4 Tidy Format
Collect data in a simple, consistent format called tidy data,[1] such that minimal effort is required to clean the data once you get to the analysis: Rows represent observations, columns represent the variables measured for those observations:
Good example
The iris data set (preinstalled with R) is in tidy format:
| Sepal.Length | Sepal.Width | Petal.Length | Petal.Width | Species |
|---|---|---|---|---|
| 5.1 | 3.5 | 1.4 | 0.2 | setosa |
| 4.9 | 3.0 | 1.4 | 0.2 | setosa |
| 4.7 | 3.2 | 1.3 | 0.2 | setosa |
| 4.6 | 3.1 | 1.5 | 0.2 | setosa |
| 5.0 | 3.6 | 1.4 | 0.2 | setosa |
| ... | ... | ... | ... | ... |
Here, the rows each represent one observation (a distinct flower), and the columns represent the variables measured/recorded (physical dimensions and species).
Bad example
A common deviation from tidy format is to represent groups as columns:
| women | men |
|---|---|
| 114 | 123 |
| 121 | 117 |
| 125 | 117 |
| 108 | 117 |
| 122 | 116 |
Do you have different groups?

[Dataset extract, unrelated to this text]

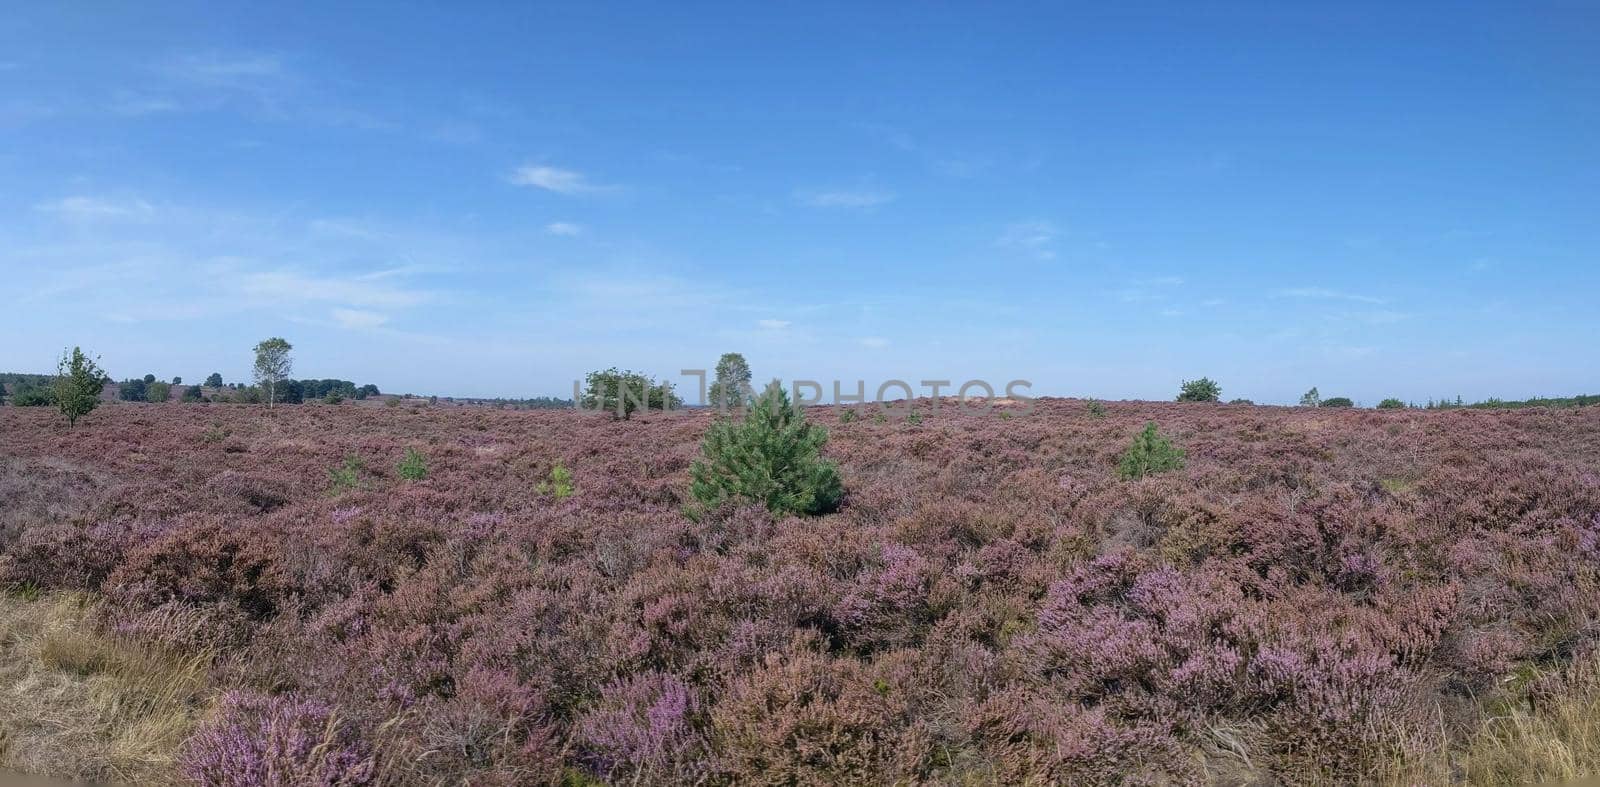 Panoramic Landscape at the National Park Sallandse Heuvelrug in The Netherlands
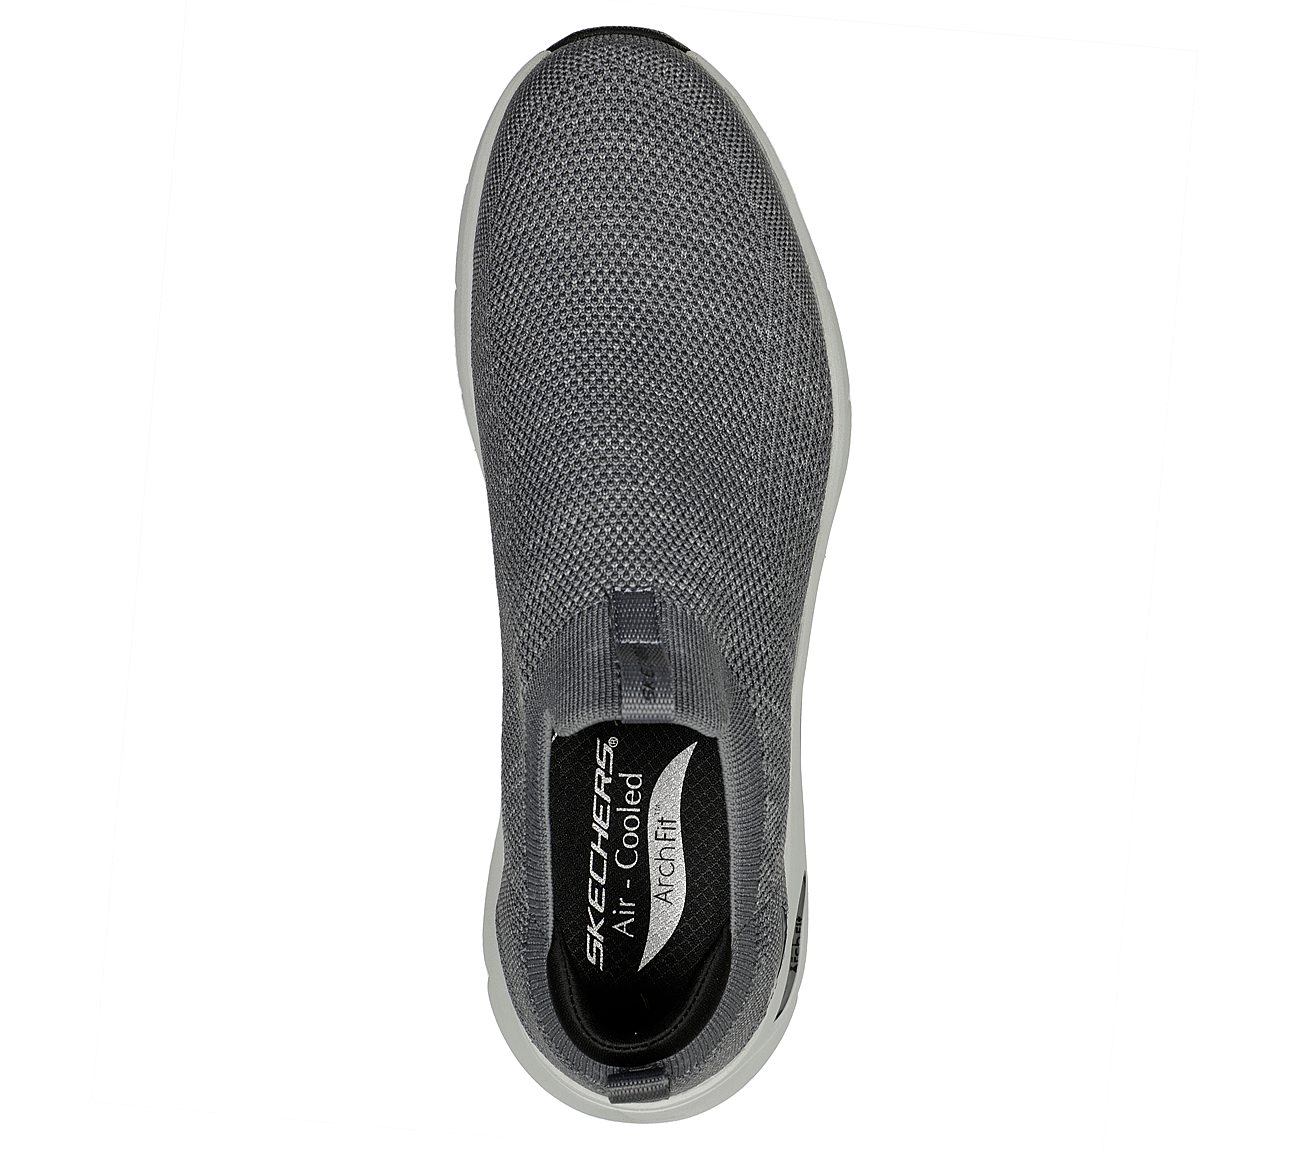 SKECH-AIR ARCH FIT, CCHARCOAL Footwear Top View

Time points? Replicates of the experiment? Then try to adhere to the same principle: Columns are variables. Simply add a variable that indicates which group/time point/replicate this observation belongs to:
| sex | SBP |
|---|---|
| female | 114 |
| female | 121 |
| female | 125 |
| female | 108 |
| female | 122 |
| male | 123 |
| male | 117 |
| male | 117 |
| male | 117 |
| male | 116 |
Converting to tidy format
If you have data split by group/time point/replicate here is how you can convert it to tidy format:
# The untidy data set
Untidy women men
1 114 123
2 121 117
3 125 117
4 108 117
5 122 116
# Convert by hand
Tidy <- data.frame(
sex = rep(c("female", "male"), each = nrow(Untidy)),
SBP = c(Untidy$women, Untidy$men)
)
# Convert using a package (install if missing)
library("reshape2")
melt(Untidy) variable value
1 women 114
2 women 121
3 women 125
4 women 108
5 women 122
6 men 123
7 men 117
8 men 117
9 men 117
10 men 116
If you have a simple data set like the one shown here, converting with the package reshape2 is easiest. Converting by hand may be slightly more work, but I prefer it because you can easily see what’s going on, add more variables if needed, etc.